Furthermore, some interaction has been found between conscientiousness and intelligence. Conscientiousness has been found to be a stronger predictor of safety behaviour in individuals with a low level of intelligence than in those with a high level. This interaction may also be found in educational and occupational settings in future studies. Therefore, relatively speaking, an increase in either conscientiousness or intelligence may compensate for a deficiency in the other.

Extraversion
Most meta-analyses have found no correlation between overall extraversion and intelligence. There is some meta-analytic evidence to suggest that aspects of extraversion related to assertiveness may be slightly positively related to intelligence whereas aspects related to sociability may be slightly negatively related to intelligence. 

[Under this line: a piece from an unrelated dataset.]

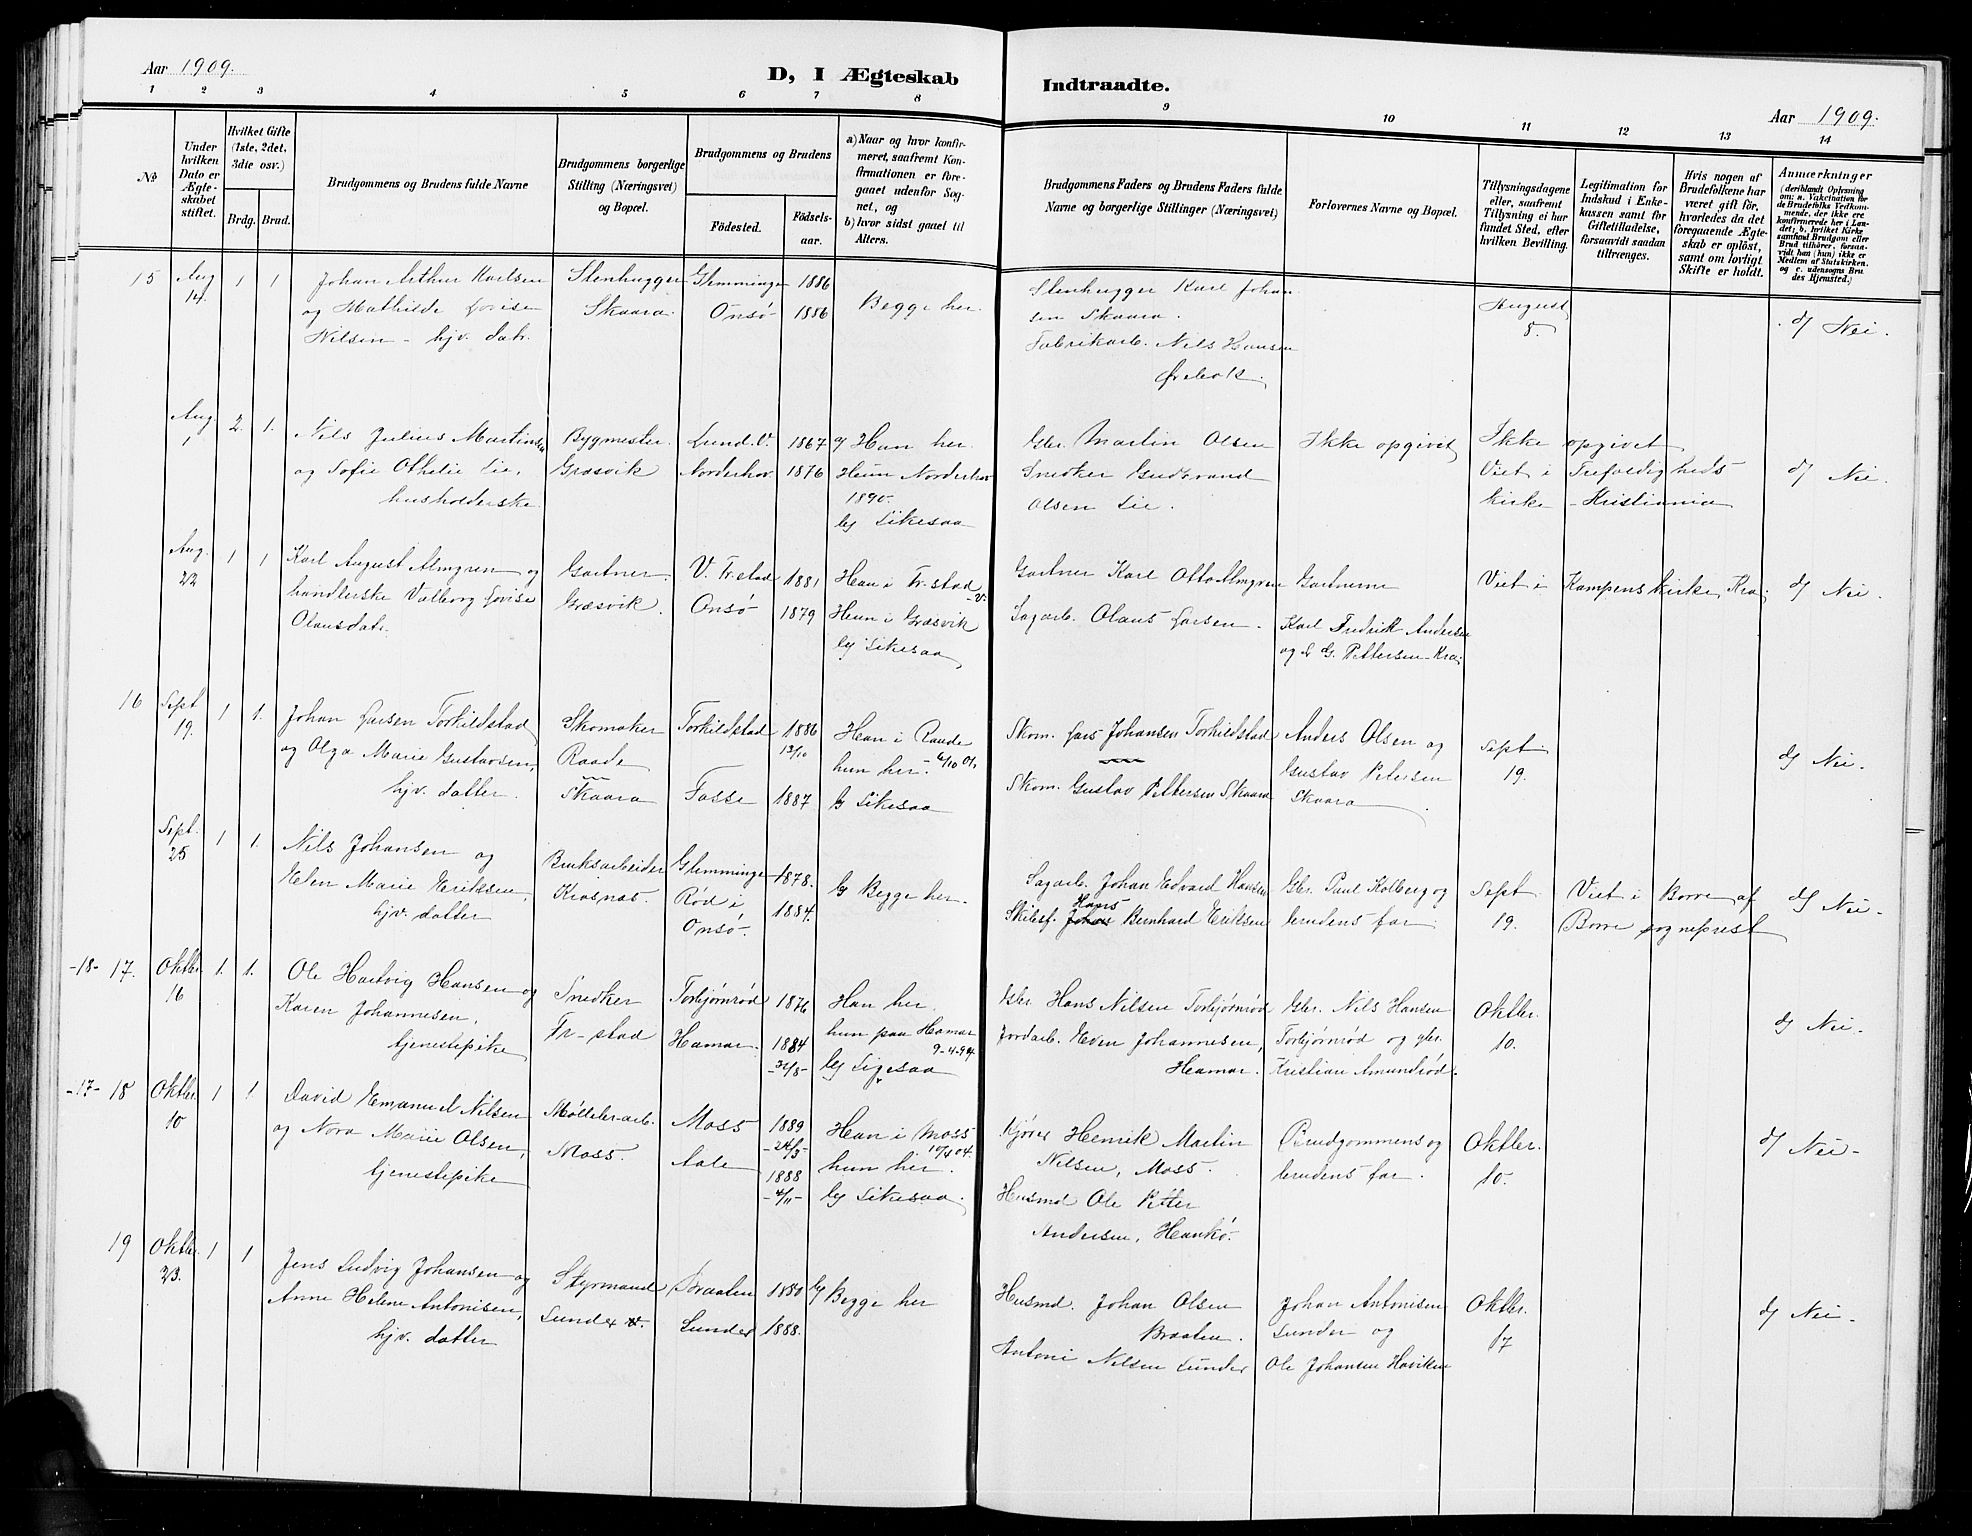 SAO, Onsøy prestekontor Kirkebøker, G/Ga/L0002: Klokkerbok nr. I 2, 1903-1909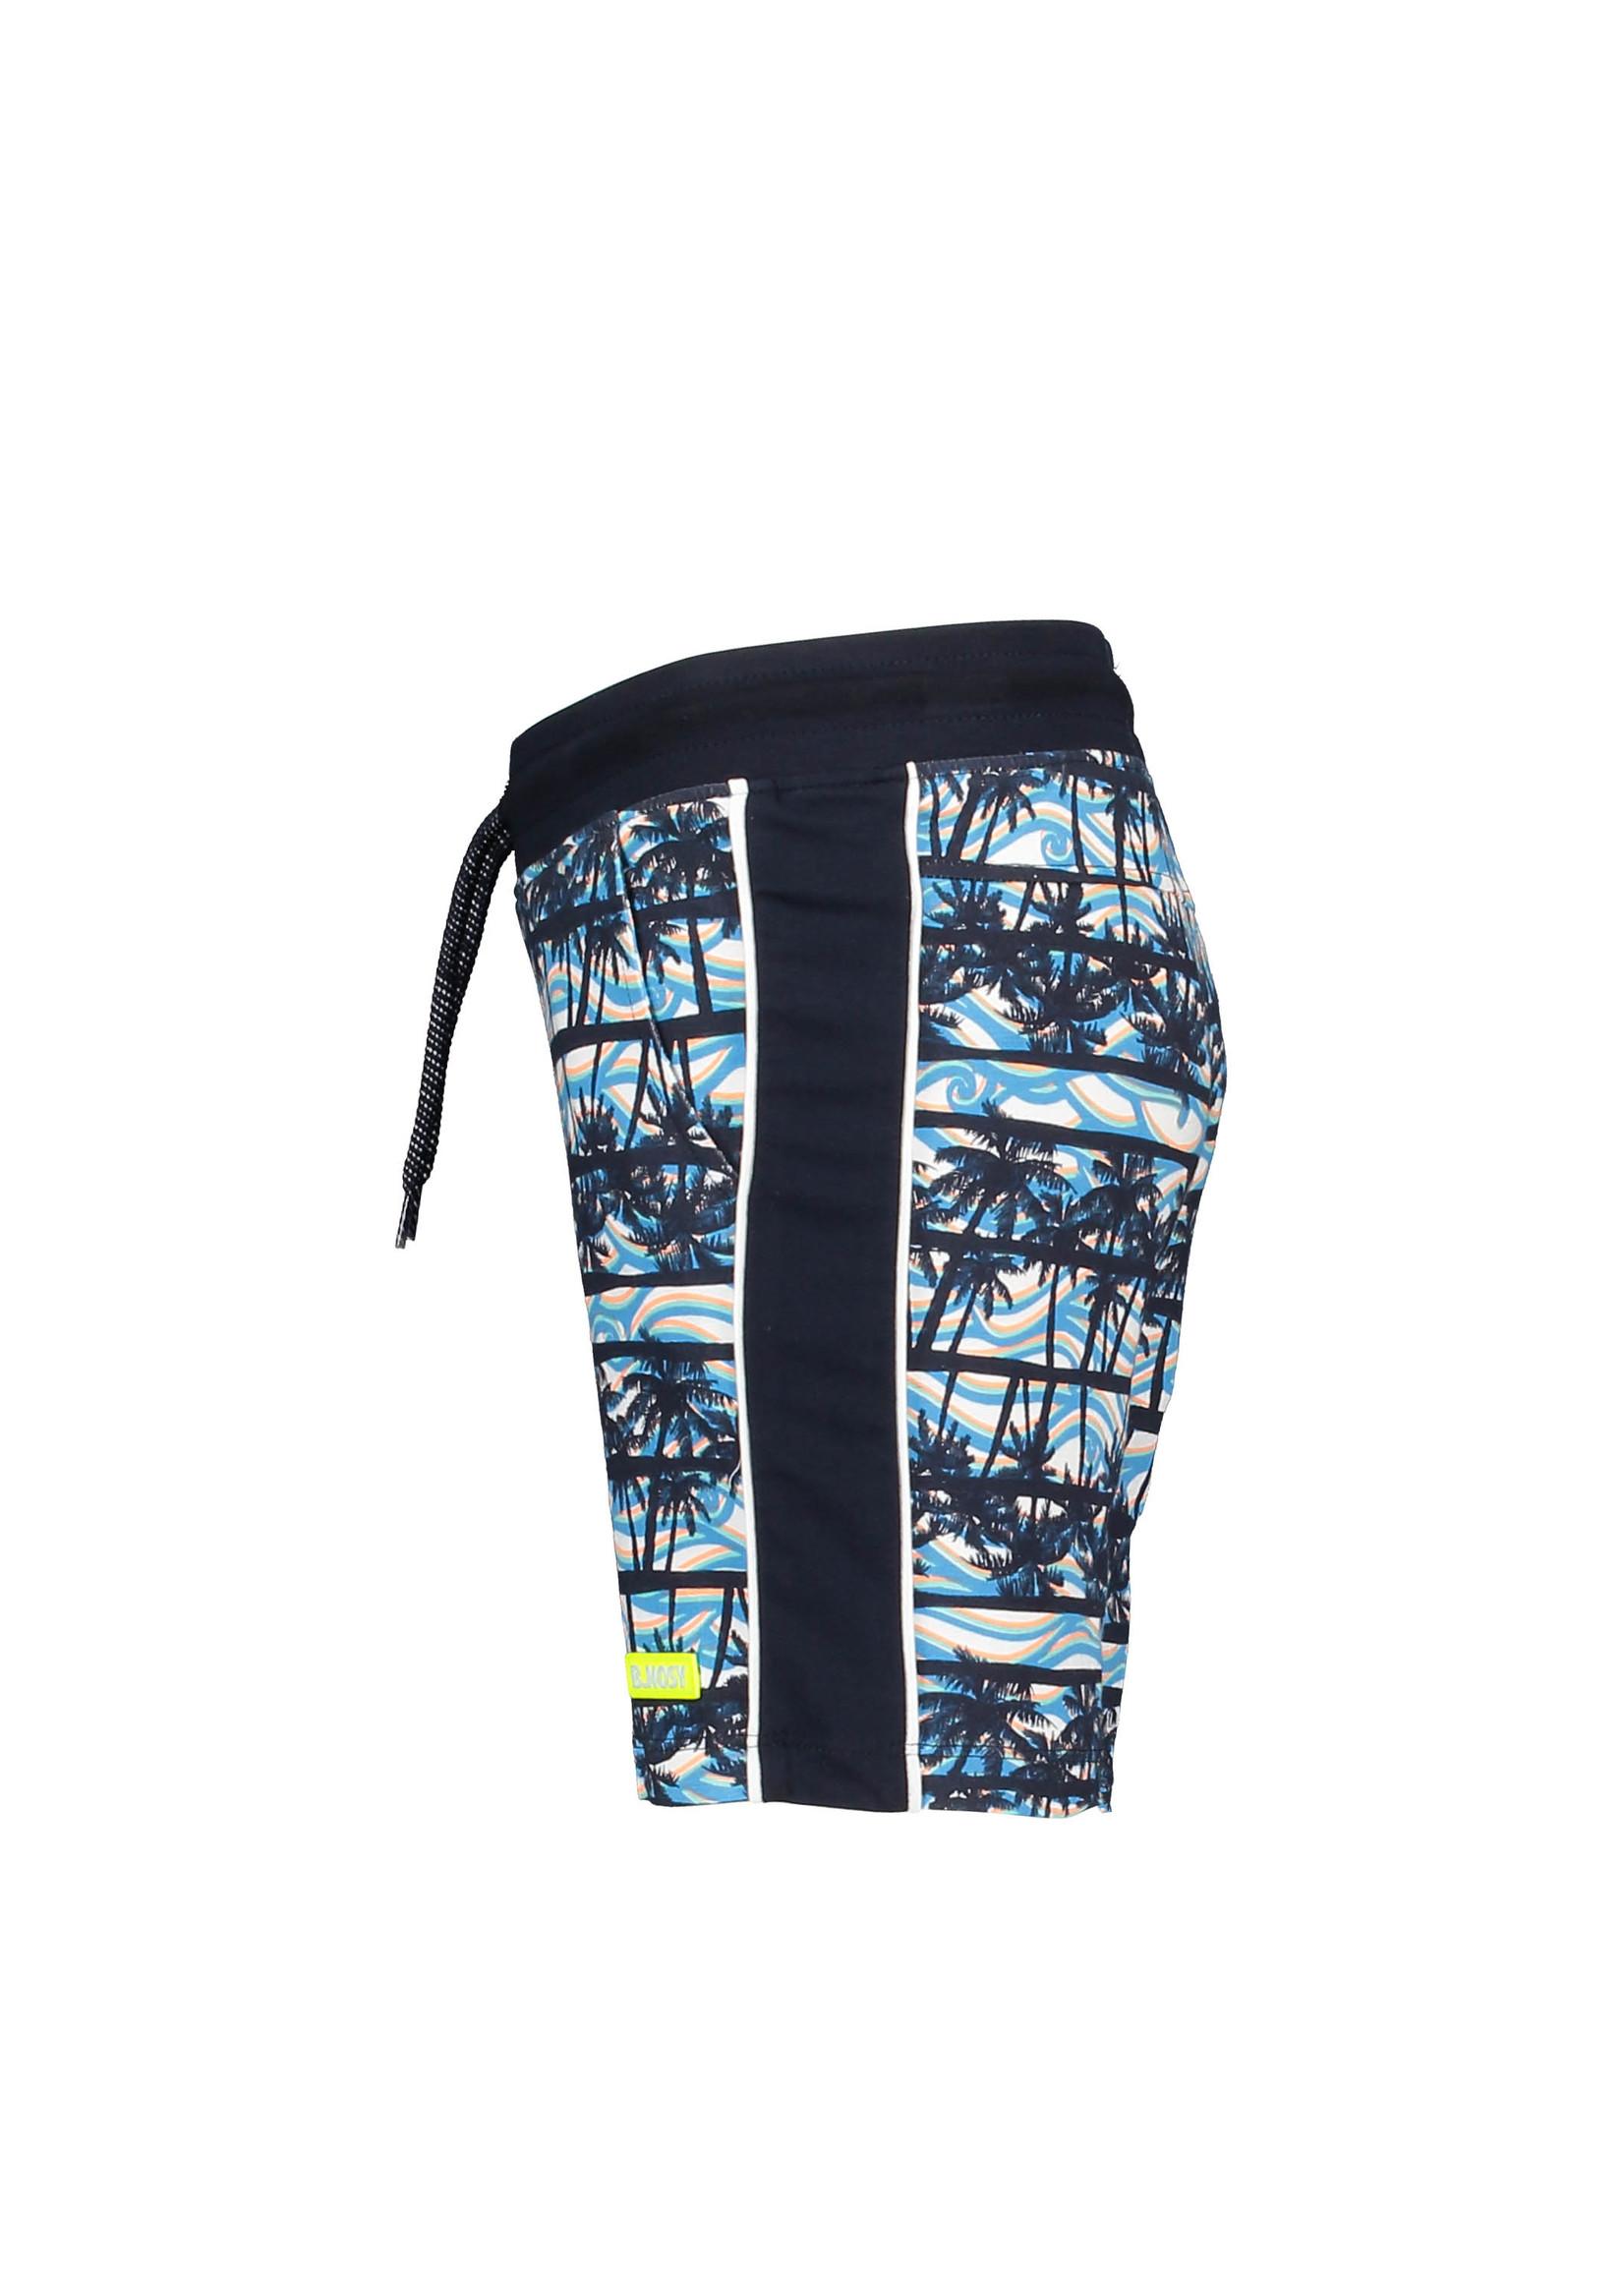 B.nosy Shorts On The Beach Ao

There are some moderating variables in the relationship between extraversion and g including differences in the assessment instruments and samples’ age and sensory stimulation; for example, no meaningful correlation was found between extraversion and intelligence in the samples of children. Furthermore, Bates and Rock (2004) used Raven’s matrices  and found that extraverts performed better than introverts with increasing auditory stimulation, whereas introverts performed best in silence. This result is consistent with that of Revelle et al. (1976).

Agreeableness
Meta-analytic research suggests that agreeableness and intelligence are uncorrelated. However, some components of agreeableness have been found to be related to intelligence. For example, aggression is negatively associated with intelligence (r is around -.20)  because unintelligent people may experience more frustration, which may lead to aggression and aggression and intelligence may share some biological factors. In addition, emotional perception and emotional facilitation, which are also components of agreeableness, have been found to be significantly correlated with intelligence. This may be because emotional perception and emotional facilitation are components of emotional intelligence and some researchers have found that emotional intelligence is a Second-Stratum Factor of g. Similarly, meta-analysis suggests that the related trait of honesty-humility is also uncorrelated with intelligence.